Bugün bir erkek iç çamaşırıyla TYT ya da AYT sınavına girmeye kalksa, daha kapıdan içeri girmeden “teşhircilik” suçundan gözaltına alınırdı. Ancak mesele bir kadın olunca bu durum “cesaret” olarak lanse ediliyor, toplumun bir kesimi tarafından alkışlanıyor. Oysa bedenin parçalarını, kasap reyonundaki et gibi sergilemek kadın için de aynı şekilde teşhirciliktir. Bu edepsizliğe eğitim kurumlarında bile göz yumuluyorsa, bu artık sadece bireysel bir sapkınlık değil; topluma yönelen sistematik bir ahlak düşmanlığıdır.

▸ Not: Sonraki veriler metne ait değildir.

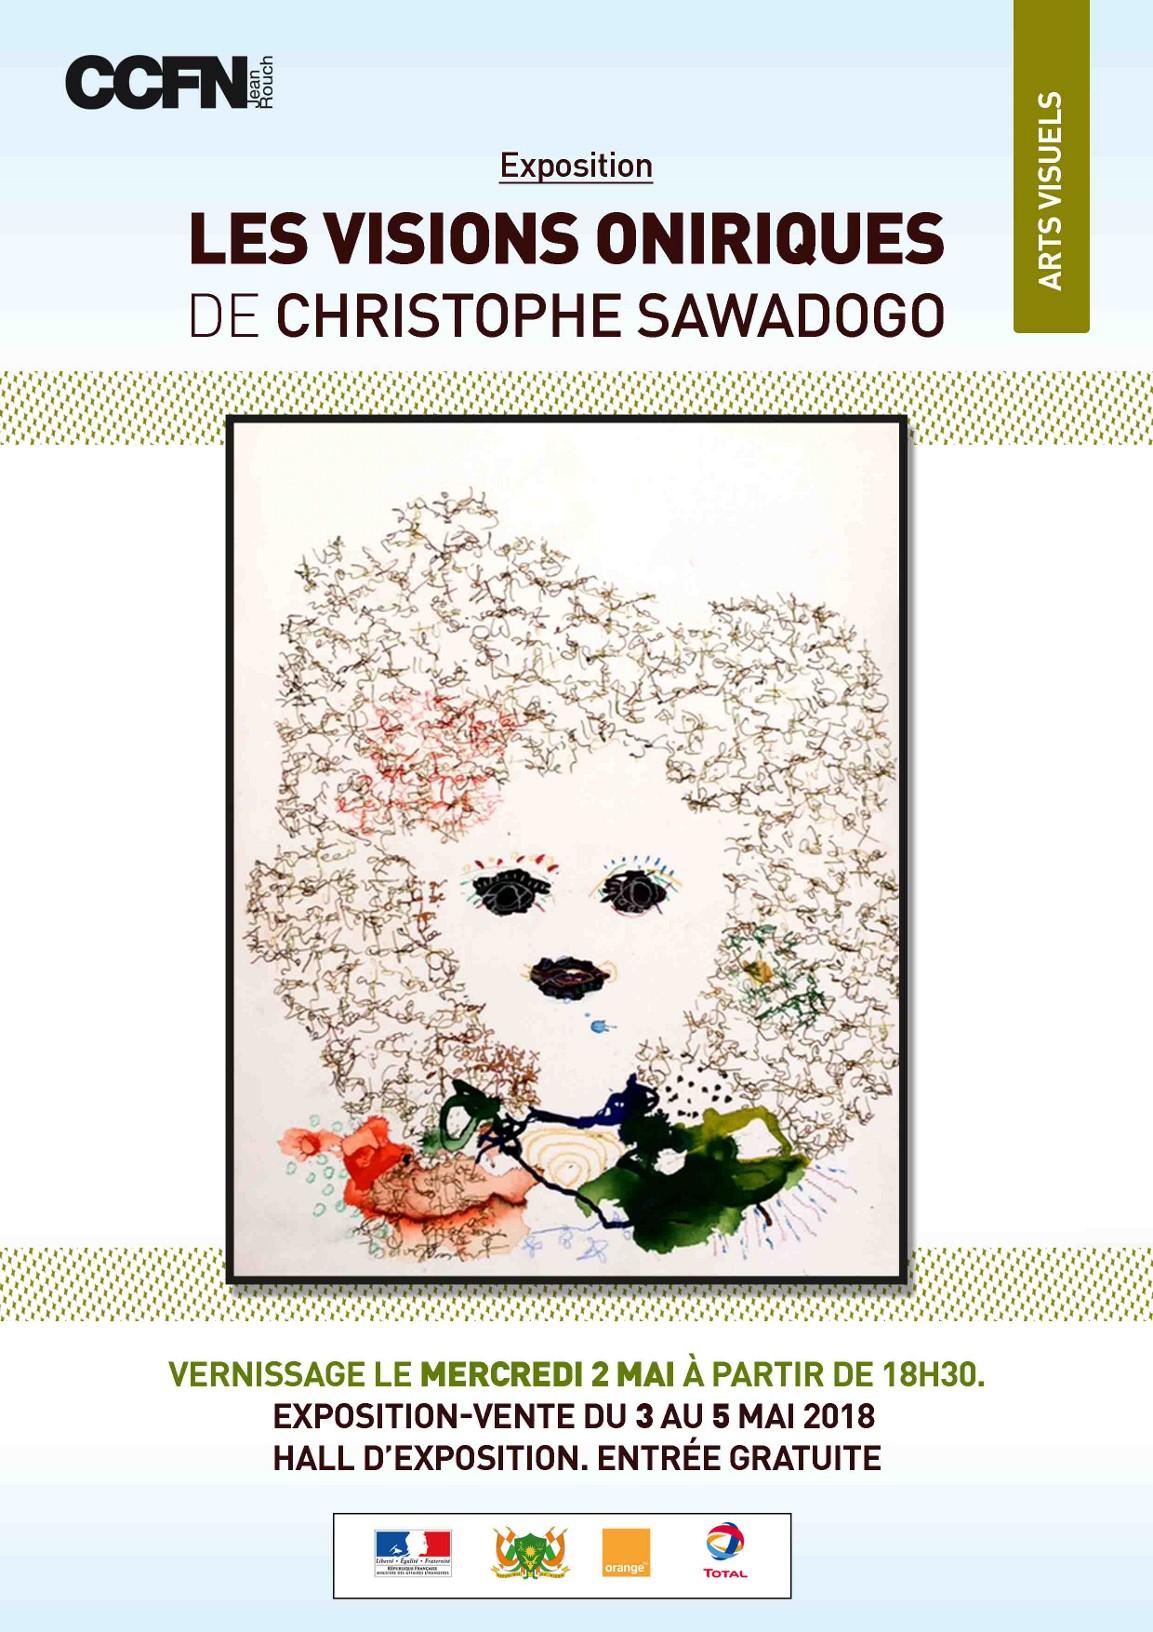 Expo sawadogo

Edep, hayâ, utanma duygusu ne yazık ki toplumdan hızla silinmekte. Bunun kökeninde küçük yaşta verilmeyen değerler eğitimi yatmaktadır. Henüz anaokulu çağında çocuklara beden mahremiyeti öğretilmediği gibi, bazı ebeveynler kendi elleriyle çocuklarını bu yozlaşmanın içine itiyor. Daha bebekliğinde “crop” adı verilen ve vücudu teşhir eden kıyafetlerin giydirilmesini normalleştiren anlayış, ahlaki yıkımın temellerini atmaktan başka bir şey değildir. Bu kıyafetleri üreten, pazarlayan ve teşvik eden tekstil firmaları da bu günahın ortağıdır.
Daha vahimi, kendini "dindar" olarak tanımlayan ebeveynlerin bile bu tarz kıyafetleri çocuklarına giydirmekte hiçbir sakınca görmemeleridir. Bu ihmalkârlık, çocukların zihin dünyasında çivilenmiş bir sapkınlığa dönüşmektedir. Sonra da çocuklar büyüdüğünde, "ben ne yaptım ki?" diyerek sorumluluktan kaçmak, sadece kendini kandırmaktır.
İslam’a göre edep, sadece kadına has bir özellik değildir. Erkek ve kadın fark etmeksizin, her Müslümanın haramdan sakınması farzdır. Kur’an-ı Kerim'de Cenab-ı Allah, erkeklere gözlerini haramdan sakınmalarını, kadınlara da örtünmelerini emretmiştir. Fıkhi ölçülere göre, Hanefi mezhebinde erkeğin avret yeri göbek ile diz kapağı arasıdır. Kadınların ise yüz ve eller hariç tüm vücutları örtülmesi gereken mahrem bölgedir. (Kaynak: TDV İslam Ansiklopedisi – Avret Maddesi)
Ancak bugün geldiğimiz noktada, ne yazık ki erkekler kadınlardan daha çok örtünür hâle gelmiştir. Zira erkek bir nebze açık giyinse hemen cezai işlem uygulanırken, kadınlar teşhirciliği dahi “özgürlük” adı altında meşrulaştırabilmektedir. Bu çifte standart, kanunlarımızın ithal kültürle oluşturulmasından kaynaklanmaktadır.
Peki neden bu hale geldik? Çünkü İslam’ı sadece kimlik kartında yazan bir din olarak algılayanlar çoğaldı. Dindarlığı yaşamak yerine sadece isim olarak taşıyan bir toplum oluştu. Dinî konular konuşulunca hemen “gerici” yaftası yapıştırılıyor. Ama mesele futbol, magazin ya da fal olduğunda insanlar her detayı öğrenmeye can atıyor.
Bir gerçek var ki; “İnandığınız gibi yaşamazsanız, yaşadığınız gibi inanmaya başlarsınız.” Hz. Ömer (R.A.)’in bu uyarısı, bugünkü İslam dünyasının içinde bulunduğu hali tam olarak özetliyor. Müslüman, dinine sahip çıkmalı, evlatlarına İslami ölçülerde hayatı öğretmeli ve bu sapkınlığa karşı susmamalıdır. Çünkü suskunluk, suça ortak olmaktır.